Hacker News new | ask | show | jobs
by code_biologist 913 days ago
A database with no indexes is slow. Finding a particular row will require a linear search.

The crux is understanding what data access patterns you will have and what indexes / data structures accelerate that access pattern. "Index = fast" is a painfully pernicious untrue meme. It's absolutely true for application tables with queries only touching a few rows.
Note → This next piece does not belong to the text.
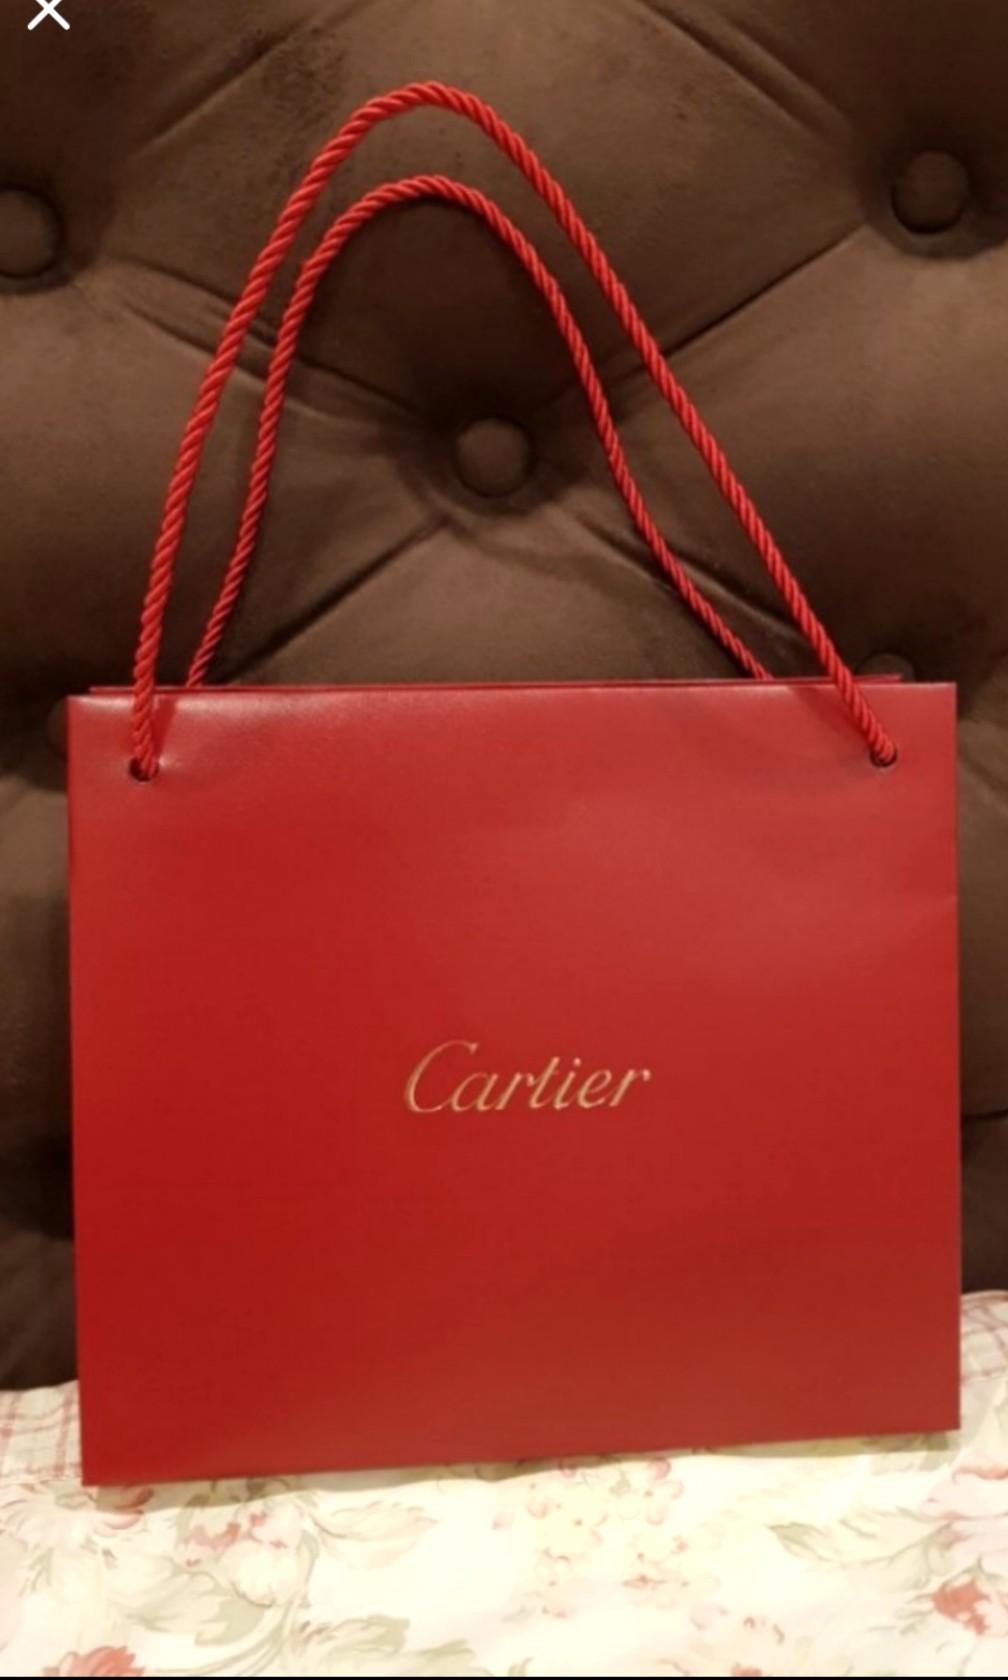 NEW Authentic Cartier Small Shopping Gift Paper Bag Gold Logo 8”X7”

On the other hand, analytics queries touching a high proportion of rows with joins on equality conditions (ie. hash joinable) isn't going to go any faster with an index.

I've seen devs shotgun indexes at tables to fix performance (done it myself too) but the real test of index understanding is when that doesn't work.

4 comments

> On the other hand, analytics queries touching a high proportion of rows with joins on equality conditions (ie. hash joinable) isn't going to go any faster with an index.

That's when you bring a BRIN to the table. :-)

Or change the layout entirely to clustered columnstore from row store.

All databases are datastructures on disk and memory optimized for specific access and write patterns.

> "Index = fast" is a painfully pernicious untrue meme.

I believe that lack of internalization of that meme (regardless of how true it is) can be a cause of real trouble.

I was working in a team where Java devs simply didn't bother to put indexes on tables because they were small (like 100 rows or so). When I (JS dev) pestered them long enough to finally do it suddenly the whole app got super snappy and they were very thankful as it happened just as degrading performance was causing a lot of gloomy mood.

If a table has 100 rows and those rows aren't huuuuge, there is no reason to put in index. The rows probably fit into one page or so anyways and are all read together anyways.

Why are you mentioning that it were Java devs ad that you are a JS (javascript?) dev? Does that give you any kind of... expertise in the matter?

In theory, with pages, caching and all, yes. In practice it made collosal difference.

With correct indexes the queries were able to be found only with index lookup without touching data at all. It was many times faster than sequential scan of even this few rows.

I'm mentioning our respective roles to show that people with nominally no expertise make such decisions often in practice and such "memes", even tough they are not strictly true in all cases, may bring a lot of value in practical setting.

"No inedex = slow" is a good heuristic for nearly all devs.

> With correct indexes the queries were able to be found only with index lookup without touching data at all

That doesn't make things faster, unless the rows contain so much data, that they force many page reads. Otherwise, reading the whole index or reading all rows takes the same time.

I think there is some information that you are not providing that might make a difference - or it is actually a misunderstanding on your side and if the queries really got faster, it's because of something else, such as a join.

If it didn't matter noone would ever use binary search for the amount of data that fits single page. Linear search would always be preferred as it is simpler.

The only thing I'm not providing are the exact sizes of the tables involved other than that they were considered small. Some having 100 rows but I can't rule out that some were 1000. I didn't say each of those tables fit a single page which I agree could be significant. I am completely sure that the difference was caused by adding indexes to small tables, nothing else. The improvement was achieved in a single day by a sigle person adding indexes where there were none. He observed improvement as he went from table to table. I was specifically thanked by him for pestering him about it. He was informal tech lead for this project. The application was fairly large at that time and performance issues were everywhere. What was also used everywhere were those small tables containing stuff like list of countries, languages, currencies, types of operations and such.

> isn’t going to go any faster with an index

Depends on the data, and the index. A covering index would almost certainly be faster. But you said analytics, which implies large results from huge datasets, so it’s unlikely to fit into memory in the first place.

> The crux is understanding what data access patterns you will have and what indexes / data structures accelerate that access pattern

We have a winner. But when looking at SQL tables/Views/Stored Procedures, the data is also stored in order in memory, in effect have a master database and files on disk, with sorted databases and files in memory for faster access.